473,787 Members | 2,931 Online
Bytes | Software Development & Data Engineering Community
+ Post

Home Posts Topics Members FAQ

Performance measurement and optimization levels


For instance, we need to measure performance
of assignment 'ch1 = ch2' where ch1 and ch2 are of char type.
We need to do that for different optimization levels of the same compiler.
Here is some test program.
Environment
-----------
Windows 2000
Intel (R) Celeron (R) CPU 1.70 GHz
GNU g++ 3.3.1 (cygming special), MINGW

========== C++ code : foo.cpp : BEGIN ==========
// Note. To simplify this demo program
// the clock() return value isn't checked
// ---------------------------------------------
#include <ctime>
#include <iostream>
using namespace std;

int main()
{
clock_t t0, tn;
unsigned long i = 0;
char ch;

#define REPETITIONS 100000000

t0 = clock ();
for (i = 0; i < REPETITIONS; i++) {}
tn = clock ();
cout << "Do noting : " << (tn - t0) << " ticks" << endl;

t0 = clock ();
for (i = 0; i < REPETITIONS; i++) ch = 'a';
tn = clock ();

cout << "Do something : " << (tn - t0) << " ticks" << endl;

return 0;
}
========== C++ code : foo.cpp : END ============
========= Compilation : BEGIN =========

$ g++ --version
g++ (GCC) 3.3.1 (cygming special)
[---omitted---]

$ g++ -mno-cygwin foo.cpp -o a0

$ g++ -mno-cygwin -O1 foo.cpp -o a1

$ g++ -mno-cygwin -O2 foo.cpp -o a2

$ g++ -mno-cygwin -O3 foo.cpp -o a3

$ wc *.exe
394 5333 424460 a0.exe
398 5294 424460 a1.exe
397 5293 424460 a2.exe
396 5303 424478 a3.exe
1585 21223 1697858 total

========= Compilation : END ===========
========= Run : BEGIN =========

$ a0
Do noting : 250 ticks
Do something : 371 ticks

$ a1
Do noting : 120 ticks
Do something : 130 ticks

$ a2
Do noting : 120 ticks
Do something : 120 ticks

$ a3
Do noting : 120 ticks
Do something : 120 ticks

========= Run : END ===========
We can see that only a0 generates believable results.
Most probably, assignment ch = 'a' in a1, a2, a3 is performed without loop.

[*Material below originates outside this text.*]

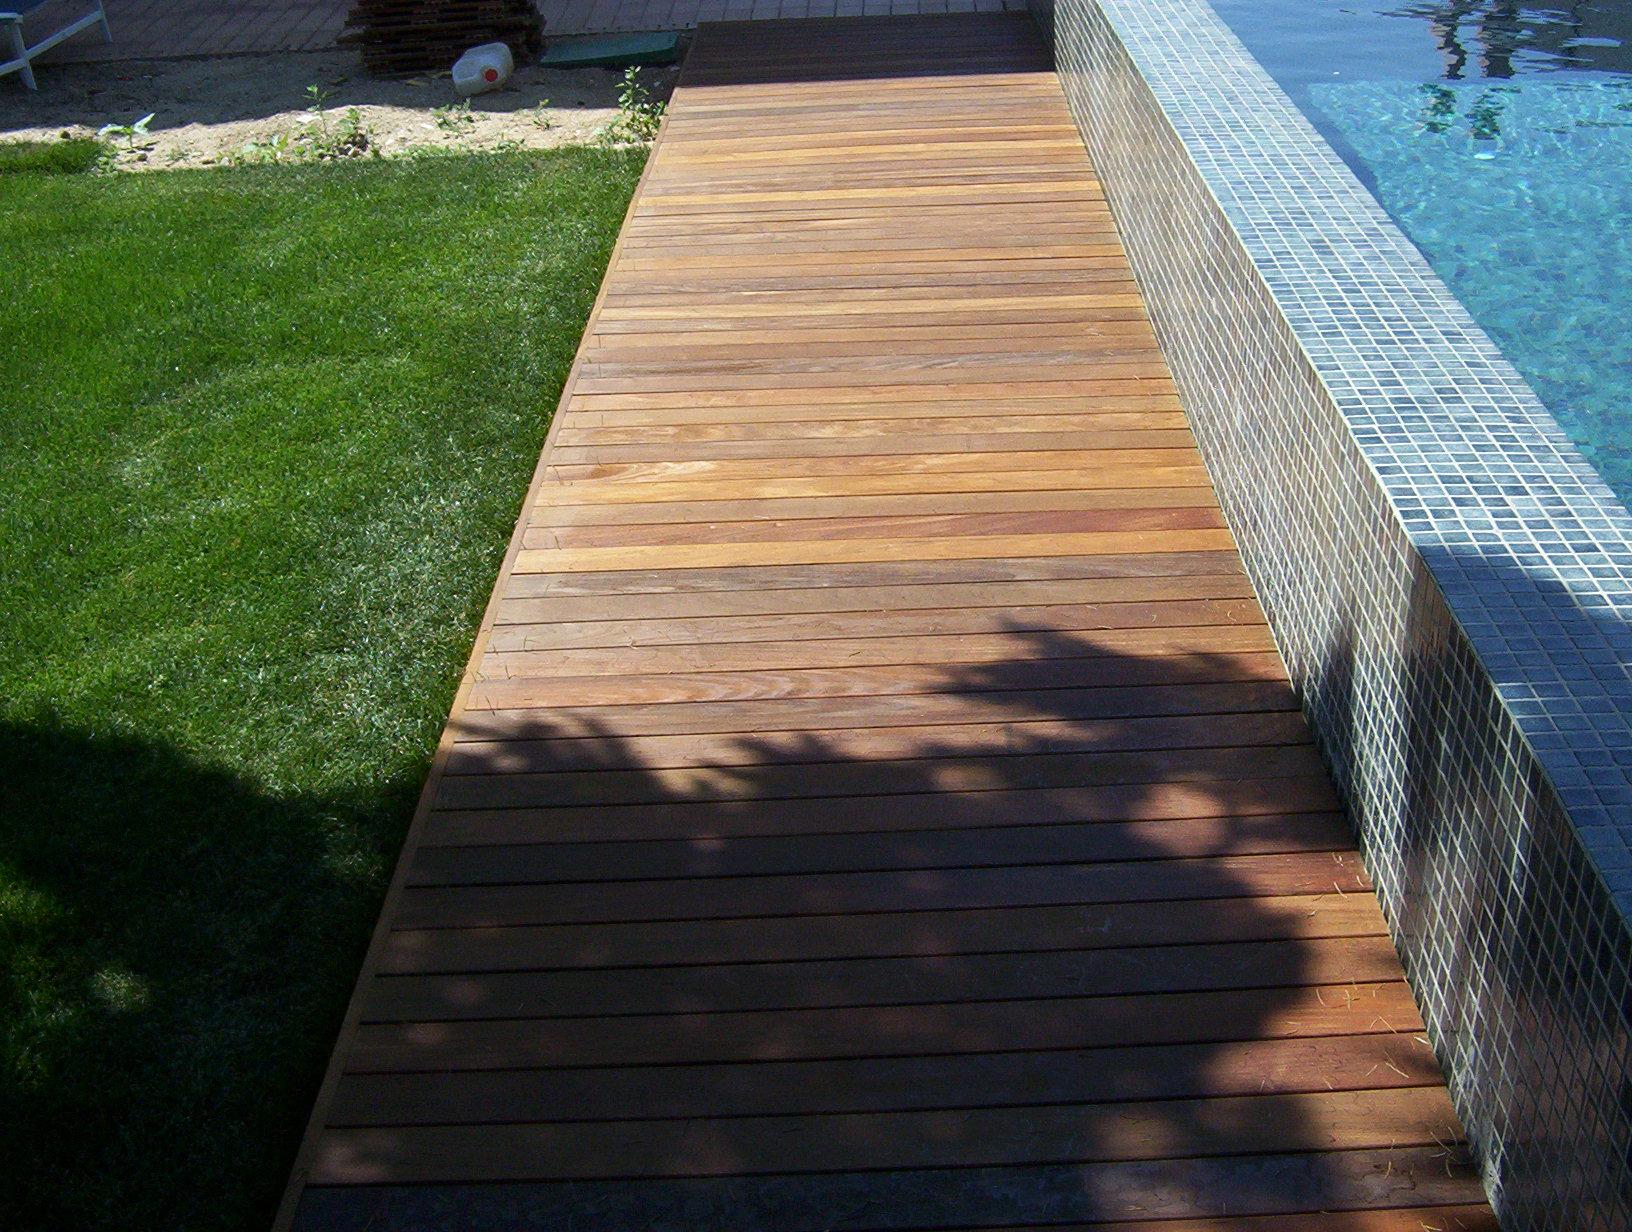 Tarima de ipe en jardin y piscina en aravaca madrid for Tarimas de madera para jardin

So, how should one measure performance in the program above for optimization levels O1, O2, O3?
--
Alex Vinokur
http://mathforum.org/library/view/10978.html
http://sourceforge.net/users/alexvn

Jul 22 '05 #1
3 2149
On Wed, 21 Jul 2004 08:40:45 +0300, Alex Vinokur wrote:

For instance, we need to measure performance
of assignment 'ch1 = ch2' where ch1 and ch2 are of char type.
We need to do that for different optimization levels of the same compiler.
Very likely this specific operation will be the same at all levels -- some
approximation of mov ch1, ch2.

....

(Source and build commands kept for context) t0 = clock ();
for (i = 0; i < REPETITIONS; i++) {}
tn = clock ();
cout << "Do noting : " << (tn - t0) << " ticks" << endl; t0 = clock ();
for (i = 0; i < REPETITIONS; i++) ch = 'a';
tn = clock ();
cout << "Do something : " << (tn - t0) << " ticks" << endl;
$ g++ -mno-cygwin foo.cpp -o a0
$ a0
Do noting : 250 ticks
Do something : 371 ticks $ g++ -mno-cygwin -O1 foo.cpp -o a1
$ a1
Do noting : 120 ticks
Do something : 130 ticks .... $ g++ -mno-cygwin -O3 foo.cpp -o a3
$ a3
Do noting : 120 ticks
Do something : 120 ticks We can see that only a0 generates believable results.
Most probably, assignment ch = 'a' in a1, a2, a3 is performed without loop.

So, how should one measure performance in the program above for optimization levels O1, O2, O3?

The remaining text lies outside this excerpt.